How FSE works - EBI-Metabolights/SAFERnmr GitHub Wiki

Features in 1D NMR

Here are some 'levels' at which this could be done:

full-resolution spectrum, element-by-element
- very detailed
- zero information loss
- too specific to be practical
- alignment issue
picked peak (resonance) maxima
- easily computed features
- very low data size
- efficient matching algorithms (Hungarian linear assignment) and scoring (Jaccard)
- not very specific (features only distinguished by chemical shift axis position)
- alignment issue
Bins/buckets
- generally pretty good, but still have alignment issues
- how many resonances to include?
- what if different peaks appear in different spectra, but in the same place?
ML-generated classification and/or feature extraction
- needs training data
- can be difficult to interpret
fitted peak shapes
- difficult optimization problem
- laborious reference database construction

What we want

Ideally, we want features which are specific enough to form the basis for flexible and robust matching. Simple features can be useful, but they only carry chemical shift information (not very reliable). Compound features are more specific, and are in fact rooted in structural information, but they require knowledge of feature shapes. We don't know what those shapes are.
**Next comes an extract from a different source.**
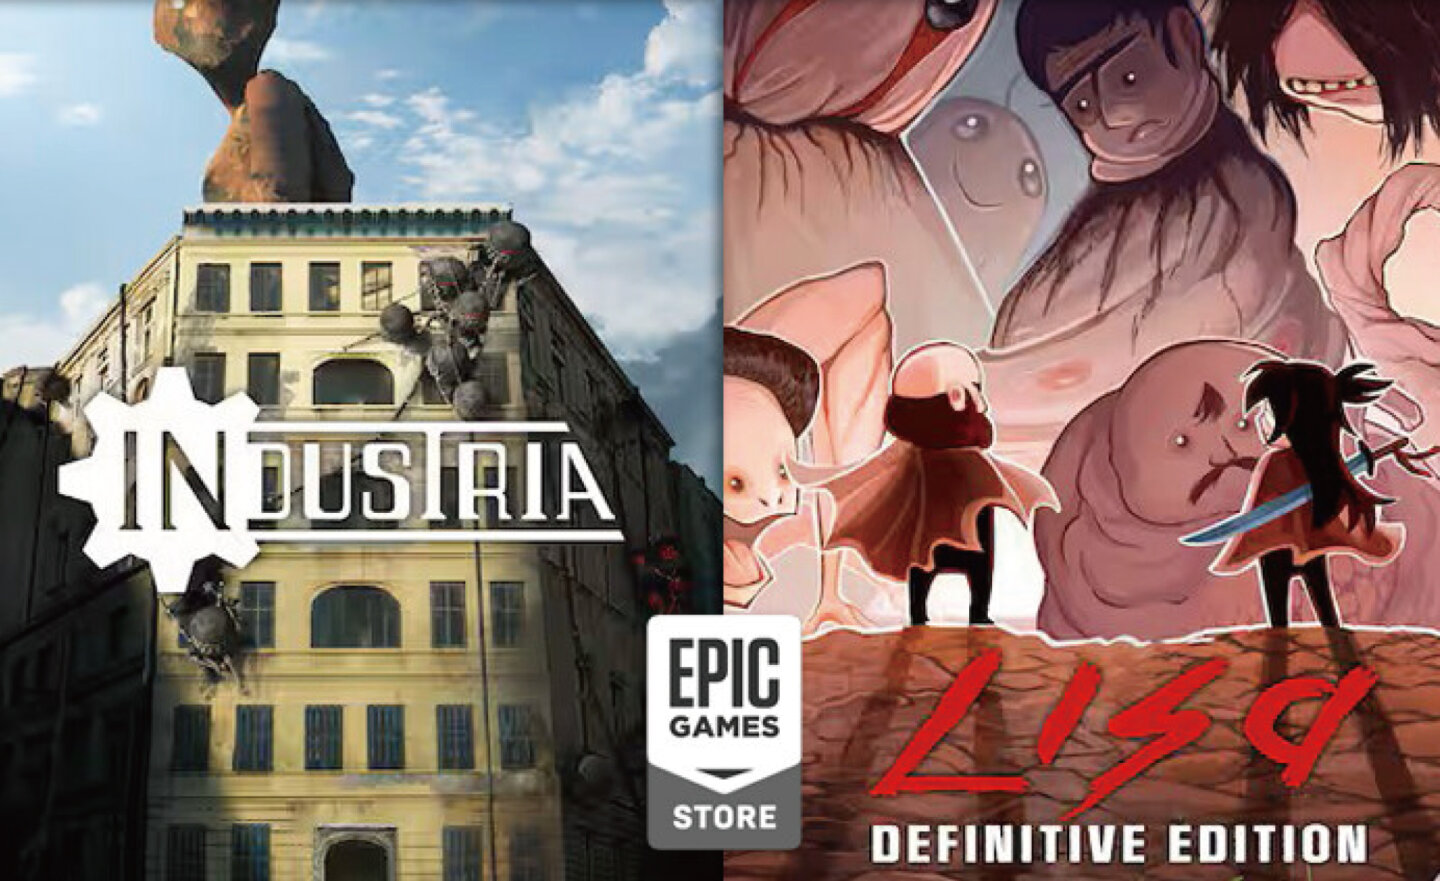 【限時免費】射擊遊戲《INDUSTRIA》、冒險 RPG《LISA: Definitive Edition》 放送中，2024 年 5 月 2 日深夜 23:00 截止
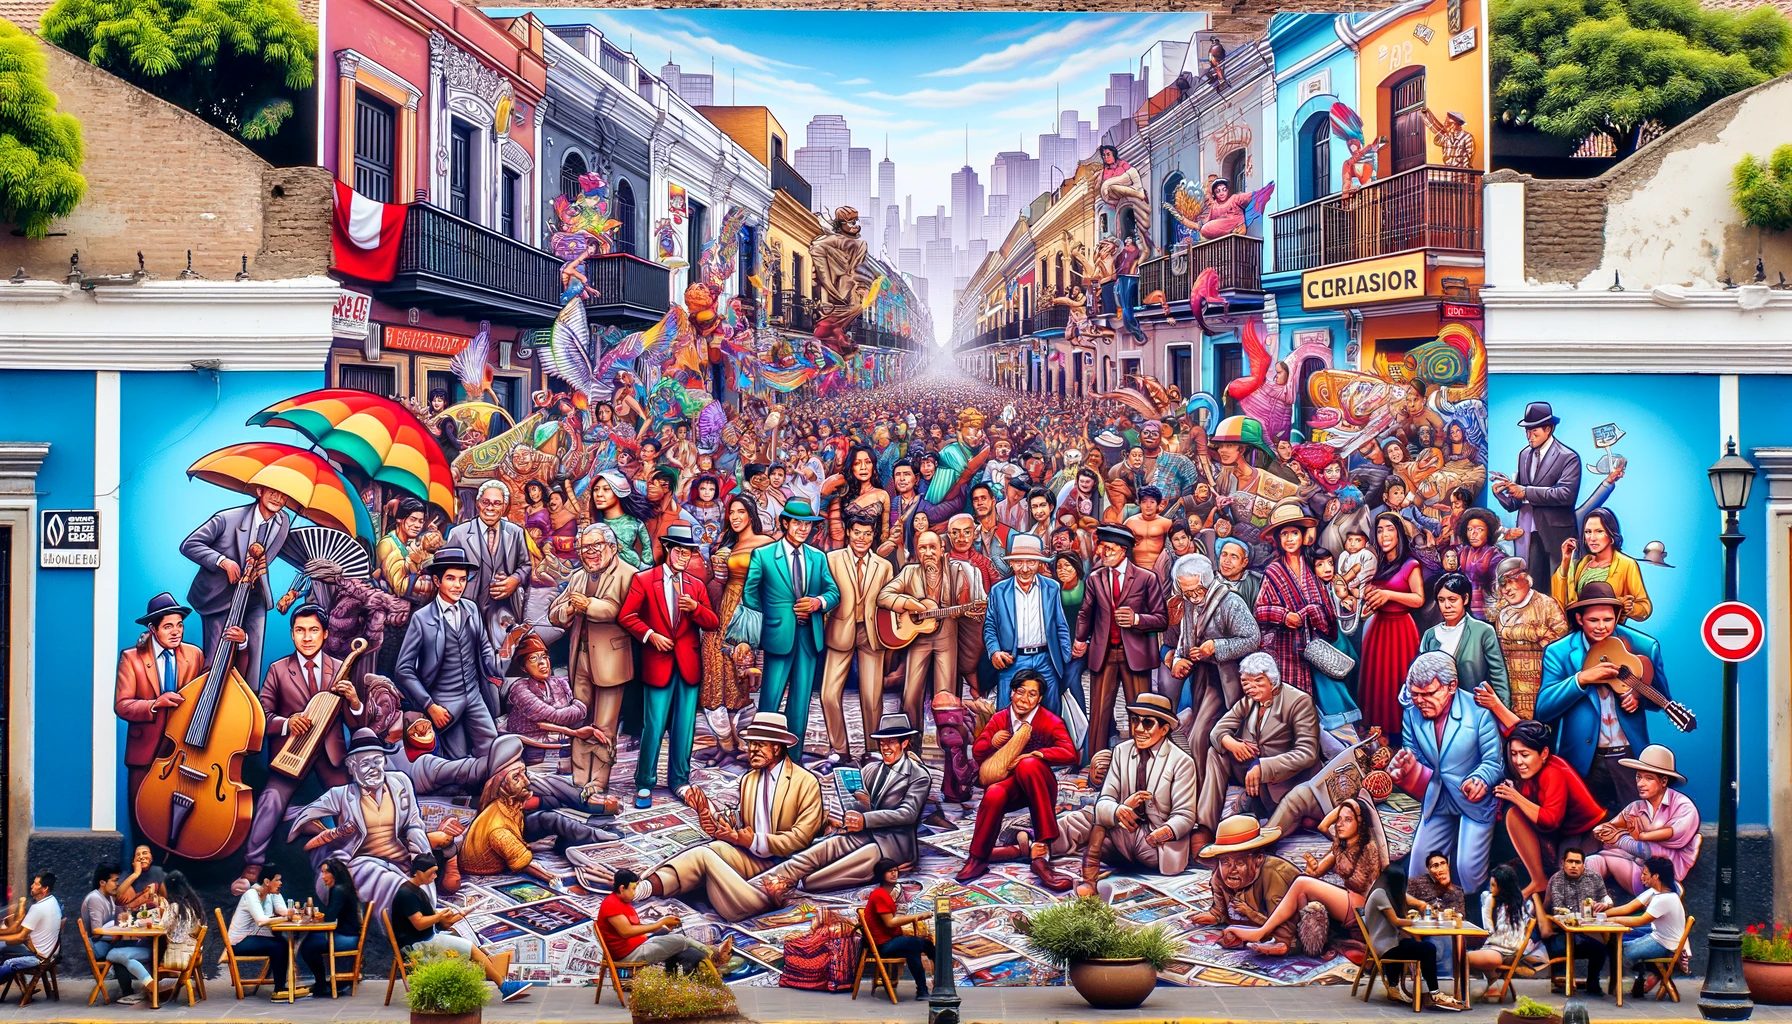 Vibrant street mural celebrating cultural diversity and community.

Some observations and reflections about how (humans think) humans identify features

if a shape consistently appears across samples, it's a pretty good bet that the constituent points belong together in a feature.
it doesn't need to be in all the samples, but we should see it at least a few times to know it's real
Parts of a peak may give enough information - it doesn't necessarily need to be pretty and we'll take what we can get.
Other peaks might disrupt a feature. That's okay - we can keep track of those gaps.
It's generally very difficult to be sure that a simple feature (singlet) is the same one across spectra. Usually, these must be annotated in relationship to other peaks in the molecule.

Some solutions

STOCSY gives us a continuous likelihood that spectral points belong together. We might just peak-pick a STOCSY's covariance profile, but this is disrupted by misalignments, overlap, etc. and leads us back to some of the issues with simple features
STORM can refine a STOCSY by excluding the spectra which do not appear to have the signature of interest. However, it attempts to optimize for a whole signature, and often requires prior knowledge of a signature to work well.
We can correlation-threshold after STOCSY-based approaches. This is somewhat subjective, and there are a few things to keep in mind:
1. identifying a threshold which works for all peaks is often difficult, but locally this can be easier.
2. sometimes these approaches are frustrating because the entire shape of a peak is not captured. This is less of an issue when shape-based matching is considered. Being open to partial signatures allows for more flexibility when thresholding [compare thresholded and peak-picked STOCSY with shape-based comparison].
3. there is always at least one correlation peak for every spectral point, with maximum of 1 (by definition). The boundaries of the correlation peak usually correspond to the average boundaries of a resonance. When they are wider, that gives an indication that things are messy across spectra [show this].
4. when a real peak is present and contains > 1 resonance (i.e. it's a multiplet), it is highly likely that the second highest correlation peak in the local STOCSY will correspond to one of those. First, the intra-peak resonances will experience more similar baseline effects than will distal peaks. Sometimes the relative intensities of peaks change; it is less likely that intra-peak intensities will change.

When looking at a STOCSY locally (in a region wide enough to capture a few intra-peak resonances), if we can find the two highest correlation peaks, we have a pretty good guess at where two resonances in the same peak would be (i.e. a feature mask). Meanwhile, the corresponding covariance at those points describes a hypothesized partial feature shape, or 'protofeature'. Using this protofeature as a more specific starting place than a peak maximum or single resonance, STORM (with some added restrictions) can optimize the shape of these two resonances as if they were a feature. Using these as a seed, the STORM procedure will incorporate any other resonances which belong to the peak in question, if they have good enough statistical support. This is very computationally light, because only a very small region is involved. It is easy to apply indiscriminately to every spectral point in a matter of minutes, documenting the dominant feature shape (if one exists) and subset of spectra containing it at each spectral point. (Note: there is a ton of opportunity for improvement here, as we are only extracting one feature shape from each point. We could go back through the non-optimal subset to pull out additional features with no issues. One of the key things about SAFER is that features are simply addresses and shapes and not actual spectral points, and many different versions can exist in the same place.)

What results is a collection of hundreds or thousands of putative features which we term Spectral Association Tags (SATs) because of their likeness to Expressed Sequence Tags (ESTs) and RNA-seq reads in genomics.

We then do a few filtering and cleanup steps on these to ensure we get the types of features we're looking for. Then, we fine-tune the locations of the features for each spectrum in the dataset.